It was a typical, triple-H (hazy, hot, humid) August morning on the Chesapeake’s Eastern Bay in 1977 when my father and I set out on our first-ever crabbing expedition. We had spent the evening before swatting at mosquitoes and biting flies under a flickering patio light at home, baiting a 1,000-foot trotline with 25 pounds of smelly, salted eels. I couldn’t tell afterward which smelled worse: my dad and me or the baited line. My mother considered kicking us out of the house.

No matter, I couldn’t sleep anyway. I was hopped up on the idea of blue crabs, having just read William Warner’s Pulitzer-winning Beautiful Swimmers. The fantastic book followed the commercial blue crab fishery through the four seasons. My dad had just bought a 12-foot Sears & Roebuck Gamefisher skiff and 9-hp Gamefisher outboard on his beloved store card (we bought everything from Sears back then). We were hell-bent on operating just like the professional watermen in Warner’s book.

We launched the boat before the sun rose. The beaten-up wood ramp was as slippery as the eels on our trotline. I fell into the water twice, which amused my father but put me in a mood. Dad’s penchant for throwing caution to the wind included driving the puke-green skiff far too quickly through dense fog into genuinely uncharted waters. He sensed my snotty attitude and bought me off with a frosted blueberry Pop-Tart. A few minutes later, I was as right as rain.

The trotline deployed in Keystone Cops fashion, getting tangled up on the floats and anchors at both ends, and eventually routing its way around our outboard prop. That’s when Dad opted for a brewski. Breakfast of champions.

After we’d tweaked the line tension and covered ourselves in jellyfish stings up to our armpits, we were ready to make the first run down the line. I sat forward, poised with a wire dipping net, while Dad sipped beer and toked on a Marlboro. The line sank as heavier crabs held on for the ride to the surface (I’ve always been amazed at how a blue crab’s fight or flight mechanism is almost completely disabled by the opportunity to eat). It was my job to scoop them into a bushel basket before they dropped off.

By the time the sun was high, and the temperature and our body odor were unbearable, we’d caught a nice mess of large, male blue crabs.
As soon as we got home, my dad was on the horn inviting neighbors and friends over to pick a mountain of hot, steamed crabs served on a newspaper tablecloth with cold beer — still a preferred Maryland summer pastime today.

We’d repeat this weekend summer ritual at least a hundred times before I reached the age when spending time with Pops was definitely uncool. What strikes me about those weekend crabbing trips is how clearly I remember so many of them almost 50 years later.

We had days when we caught almost nothing, and one day when we filled the bottom of the boat with three bushels of crabs on only a few runs down the line. Most of all, my memories are peppered with visions of my dad in his happy place, which was collectively our happy place. All we needed was what would become a tortured, beat-up skiff that later split in half while we were watching the Blue Angels in Annapolis, Md.

Even into my adulthood, my father and I fished, sailed and enjoyed being on the water together.
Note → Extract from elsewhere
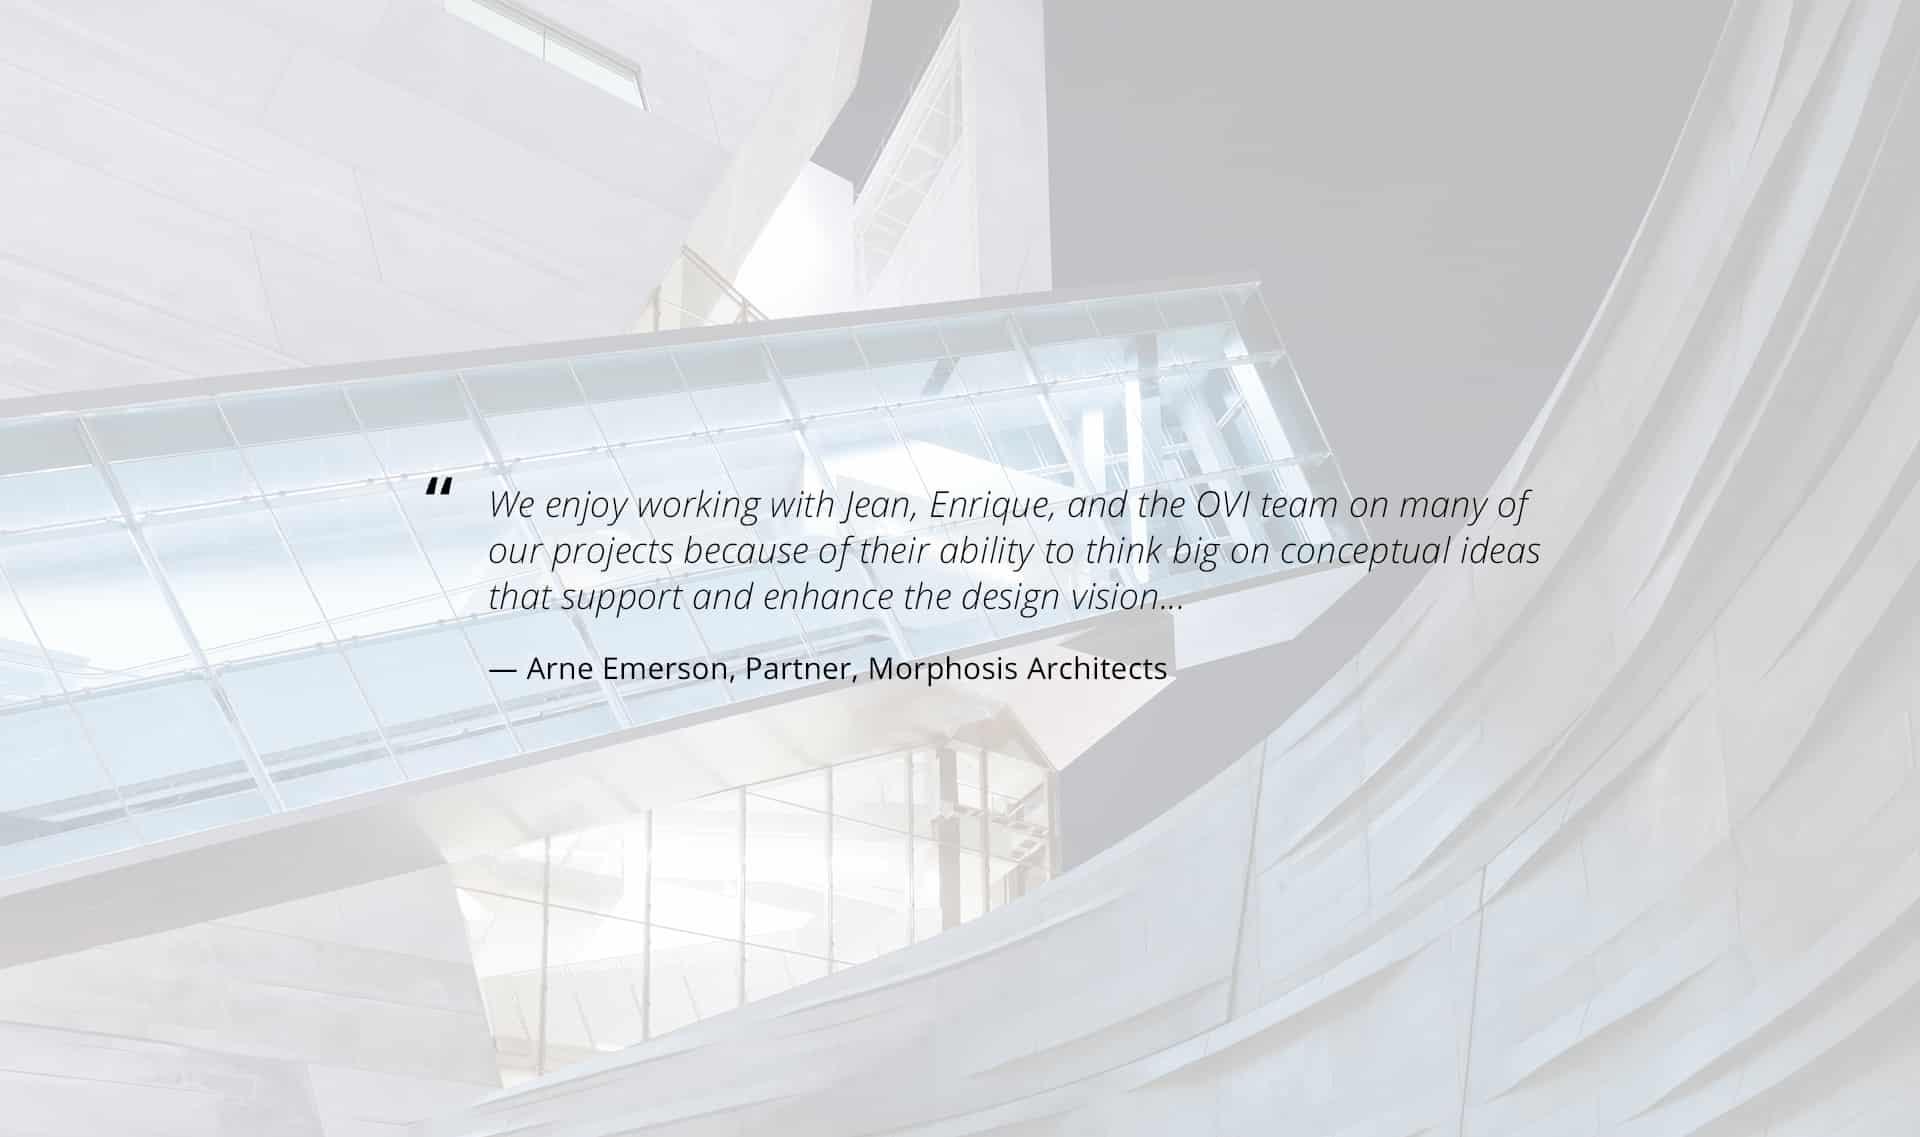 Arne Emerson, Partner, Morphosis ArchitectsTestimonial

His eagerness to enjoy our watery world is what ultimately steered me in the direction of the boating industry, perhaps one of the most enjoyable places to make a living.
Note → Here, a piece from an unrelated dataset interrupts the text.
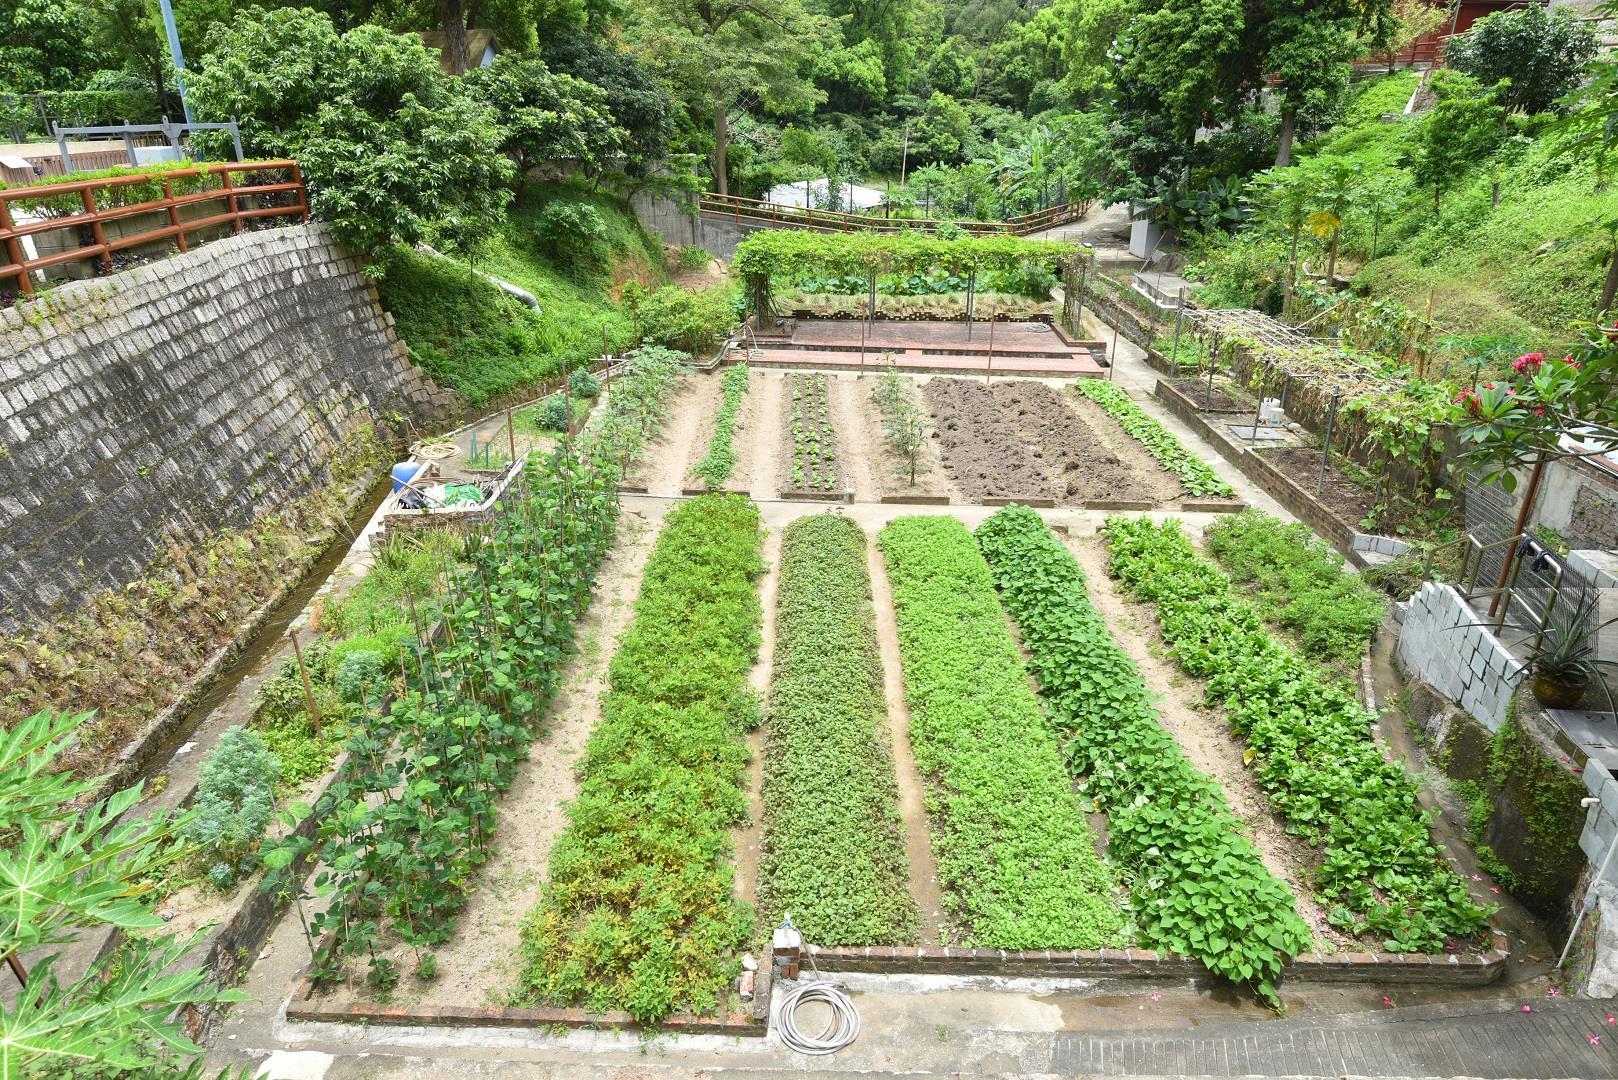 Oscar Farm

Enjoying time on the water, no matter the activity, is what we’re selling as an industry. As the president of the National Marine Manufacturers Association said recently at the American Boating Congress in Washington D.C.: “We’re in the pursuit of happiness business.” It’s important that we remember these things first and foremost as we recruit people into the fold and bring others back.
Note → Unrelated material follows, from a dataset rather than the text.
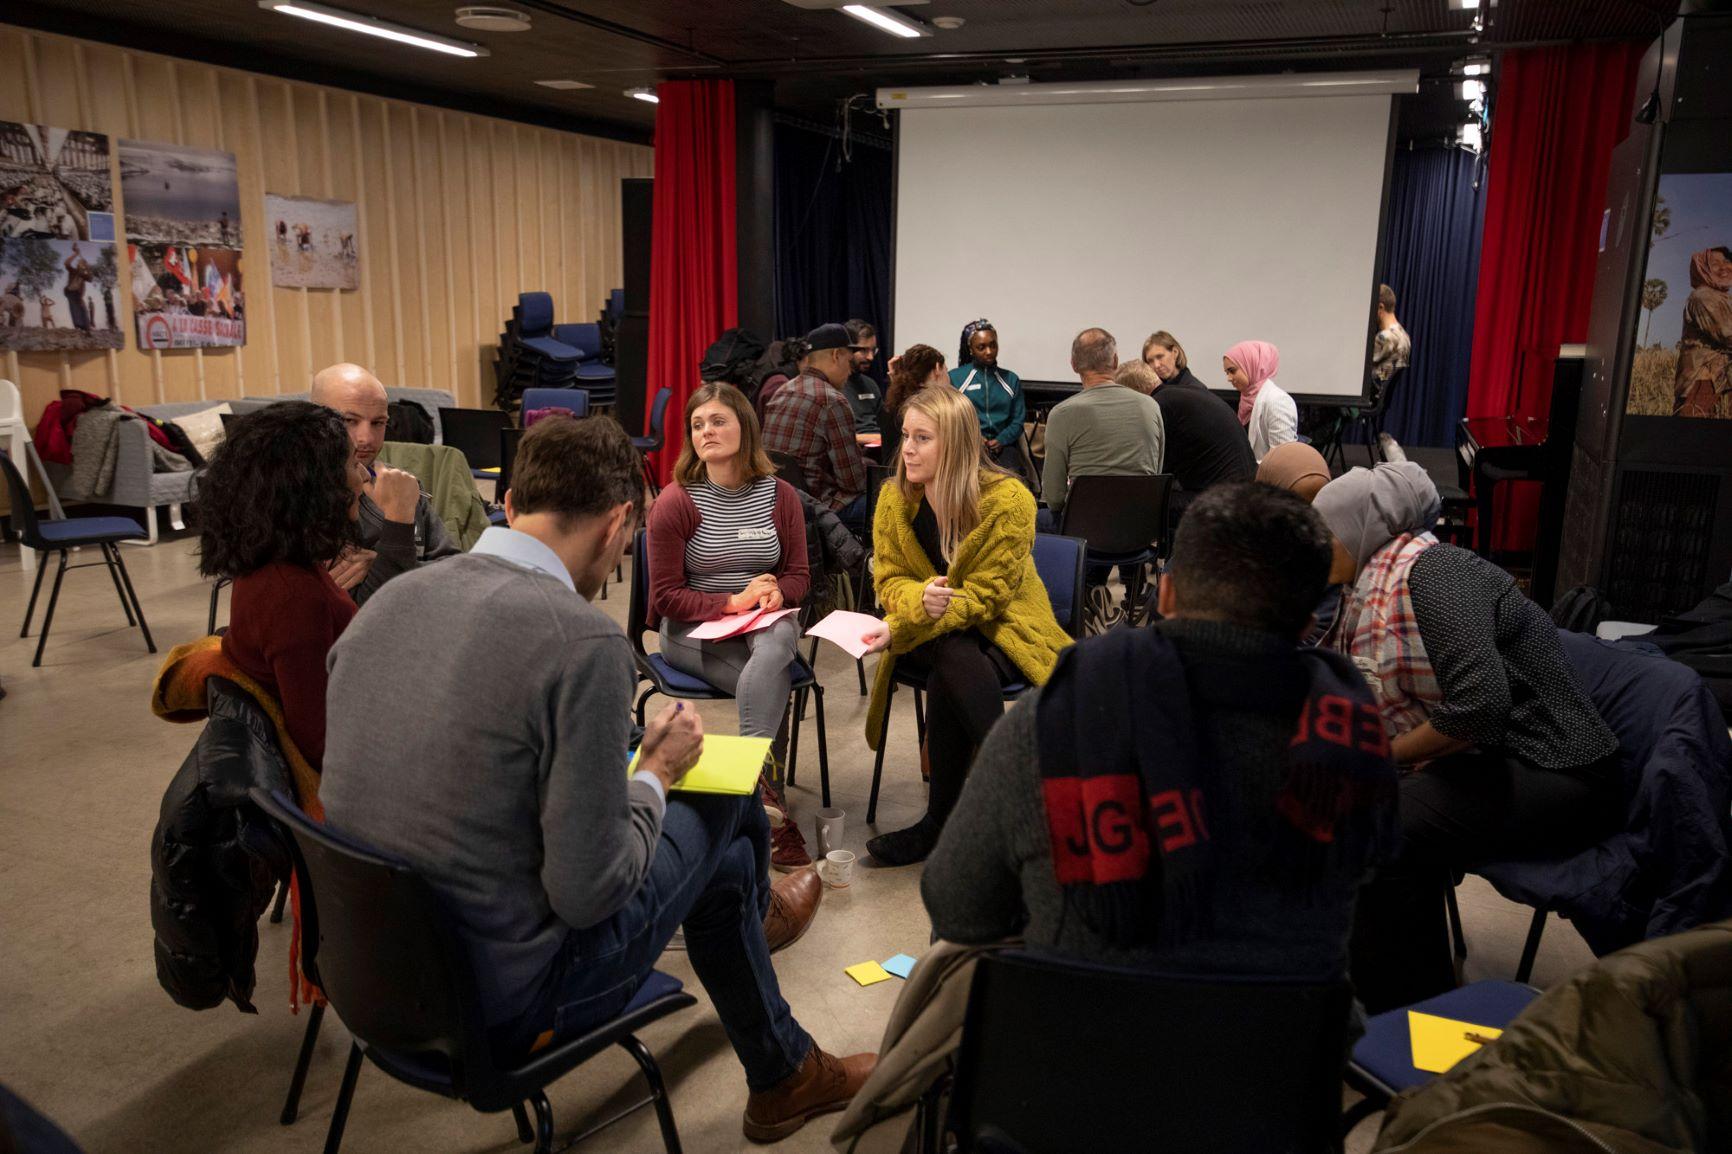 Demoktratisk innovasjon bringer innbyggere sammen til diskusjon og drøfting

If you think about it, getting a newcomer interested in boating, fishing, sailing, skiing, wakeboarding or any other water activity is not a hard sell. That said, I think we sometimes lose sight of the simple enjoyment we’re offering as we worry about supply chains, inflated costs, high interest rates and other obstacles. I’ve seen that melancholy on show floors during the past 35 years, and it’s never a good sales strategy.

So, if you’re feeling overwhelmed by the daily grind, just remember that it only takes a bunch of mosquito bites, numerous jellyfish stings and body odor to get someone amped about the sport of boating. I hope you enjoy sharing your memories with your customers and colleagues as much as I enjoyed this trip down memory lane.